Russian screenwriter and film director

Pavel Grigoryevich Chukhray (Па́вел Григо́рьевич Чухра́й; born 14 October 1946) is a Soviet and Russian film director and screenwriter. He is the son of the prominent Russian film director Grigory Chukhray.

He is best known for his film The Thief (1997), which was nominated for a Golden Globe Award and an Academy Award for Best Foreign Language Film^{[}^{1]} and won the Nika Award for Best Picture and Best Directing. He is a People's Artist of Russia. He has been nominated and won numerous international prizes in Russia, Europe and the United States, including the Venice Film Festival.

Steven Spielberg invited Pavel Chukhray to participate in his project: “Broken Silence” (2002), an international documentary mini-series about the Holocaust. The series consists of five foreign-language films featuring testimonies from Argentina, the Czech Republic, Hungary, Poland, and Russia and directed by distinguished filmmakers from each of these countries. Pavel Chukhray directed the segment "Children from the Abyss," detailing the experience of Holocaust survivors and their resistance, betrayal, rescue, and the desire for revenge in this Russian-language documentary. The film series was subtitled into 11 languages (including English) and has aired on television in 18 countries worldwide.

In 2007, Chukhray adapted a novel by Nikolai Gogol to film, resulting in a production called The Russian Game, about an Italian card sharper who is hounded by creditors and travels to Russia to hustle some quick money.

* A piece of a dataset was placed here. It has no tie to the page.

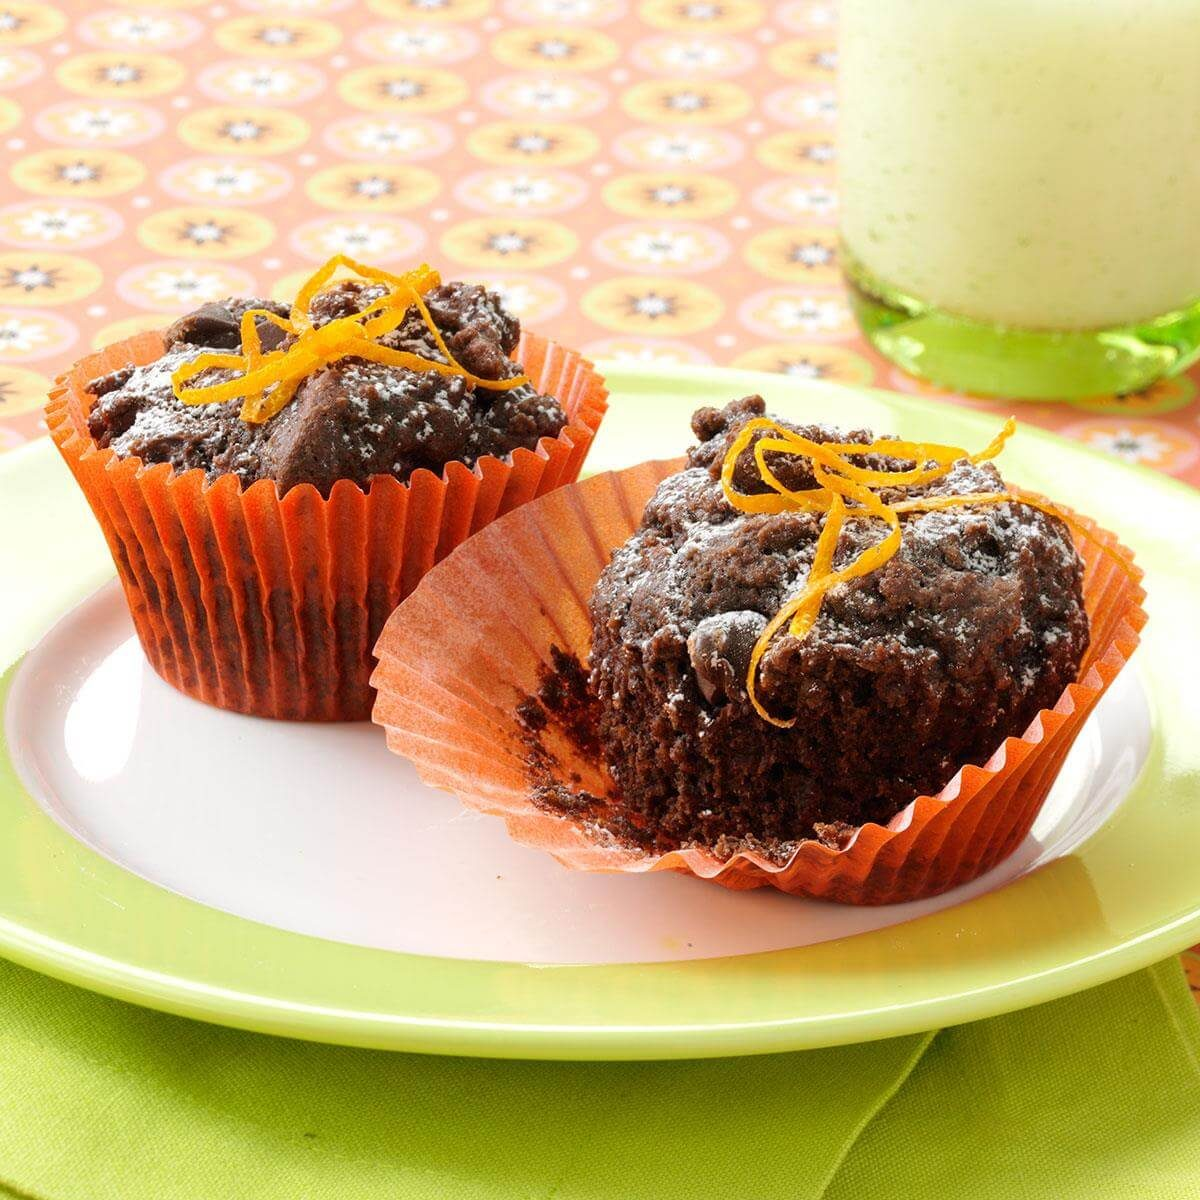 Chocolate Orange Cupcakes Recipe | Taste of Home

On his way, he meets a group of Russian gamblers that sympathize with his situation and agree to collaborate with him.

== Early life ==
Pavel Grigoryevich Chukhray was born in Bykovo, Ramensky district, Moscow Oblast. His mother was a teacher—she taught Russian language and Literature. His father was the film director Grigory Chukhray. When Pavel was seven, his father began working at Dovzhenko Film Studios, and the family moved to Kiev. He grew up surrounded by family friends who were talented film makers, including Mark Donskoy, and the young and not yet well-known Sergei Parajanov, Aleksandr Alov, and Vladimir Naumov. When he was nine, Chukhray and his family moved to Moscow. At the age of 16, he began working for the Russian film studio Mosfilm. In 1964, he went to VGIK (All-Union State Institute of Cinematography) studying to become a cinematographer. He continued on to directing, receiving his diploma in 1974.

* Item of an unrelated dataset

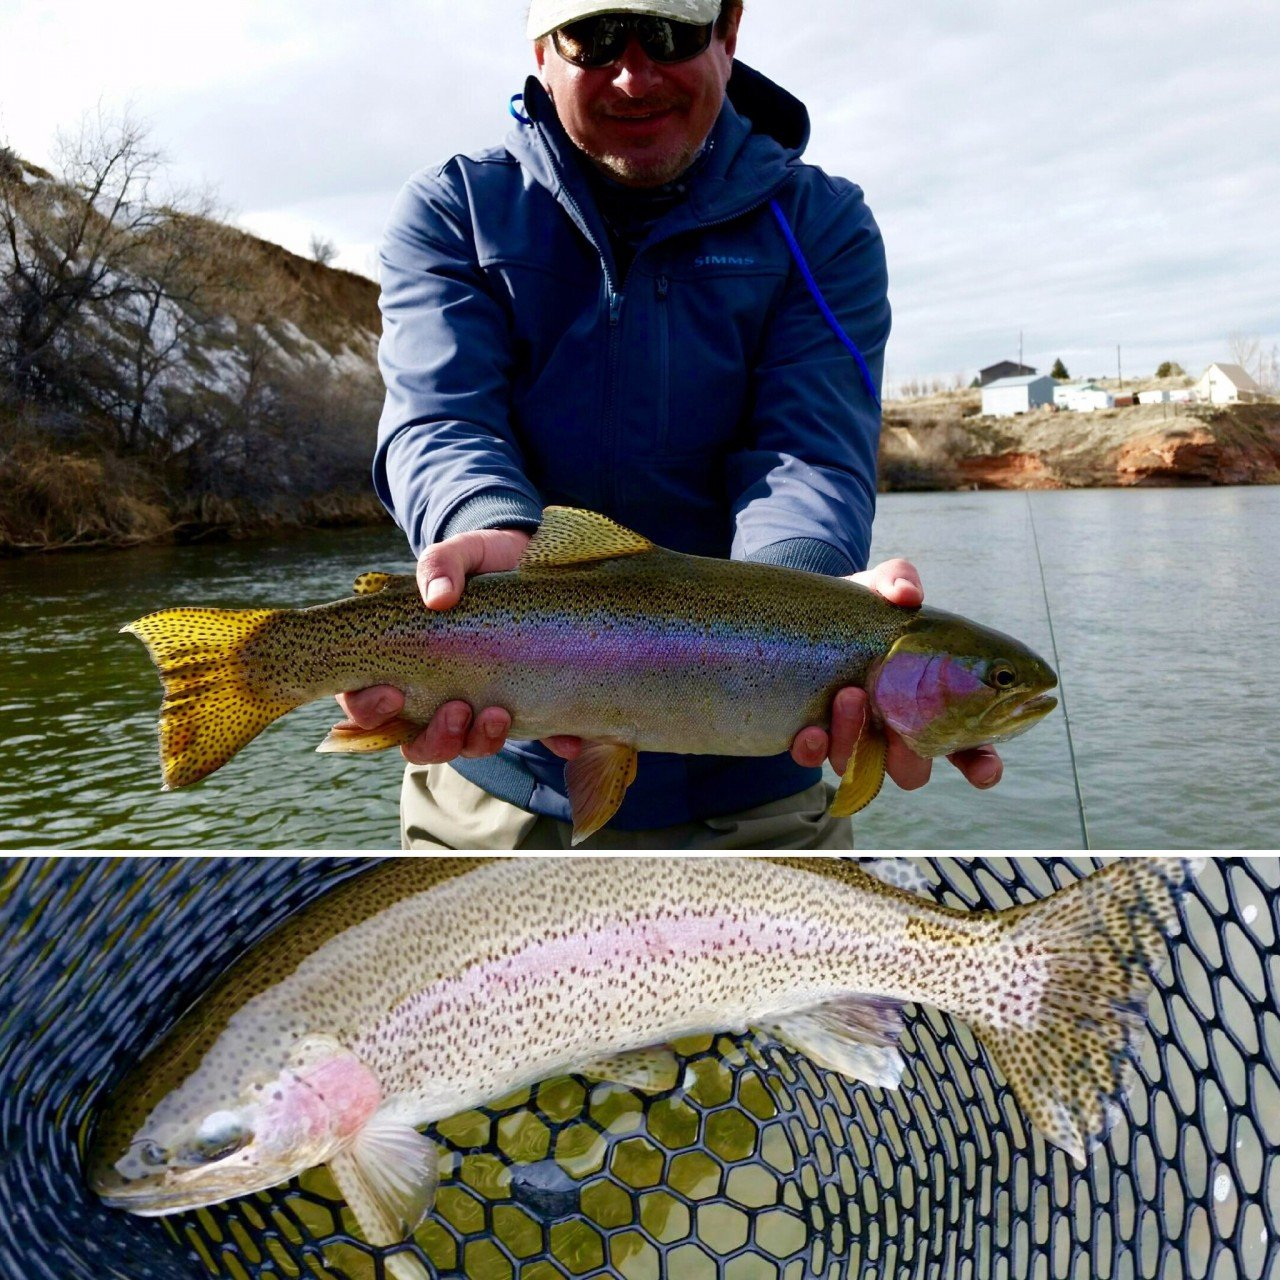 Bighorn river fishing report thermopolis wyoming for Bighorn river fishing

Chukray's directorial debut was You Should Sometimes Remember (1977), starring Nikolai Kryuchkov. He wrote and directed his second film, People in the Ocean (1980), which was a popular and critical success and won him many awards in Russia, including the Dovzhenko Award. His third film, A Canary Cage (1983), which he both wrote and directed played at the Cannes Film Festival and elsewhere. His eighth film, The Thief (1997), brought him success internationally. It was one of the top three box office hits in Russia, and was nominated internationally for many awards including an Oscar and a Golden Globe.

== Work ==
In 2007 he adapted and directed the play The Gamblers by writer Nikolai Gogol, which was renamed The Russian Game.

== Personal life ==
Pavel Grigoryevich Chukhray's first wife is the actress Alyona Chukhray. His second wife is the screenwriter Maria Zvereva. He has two daughters and four grandchildren.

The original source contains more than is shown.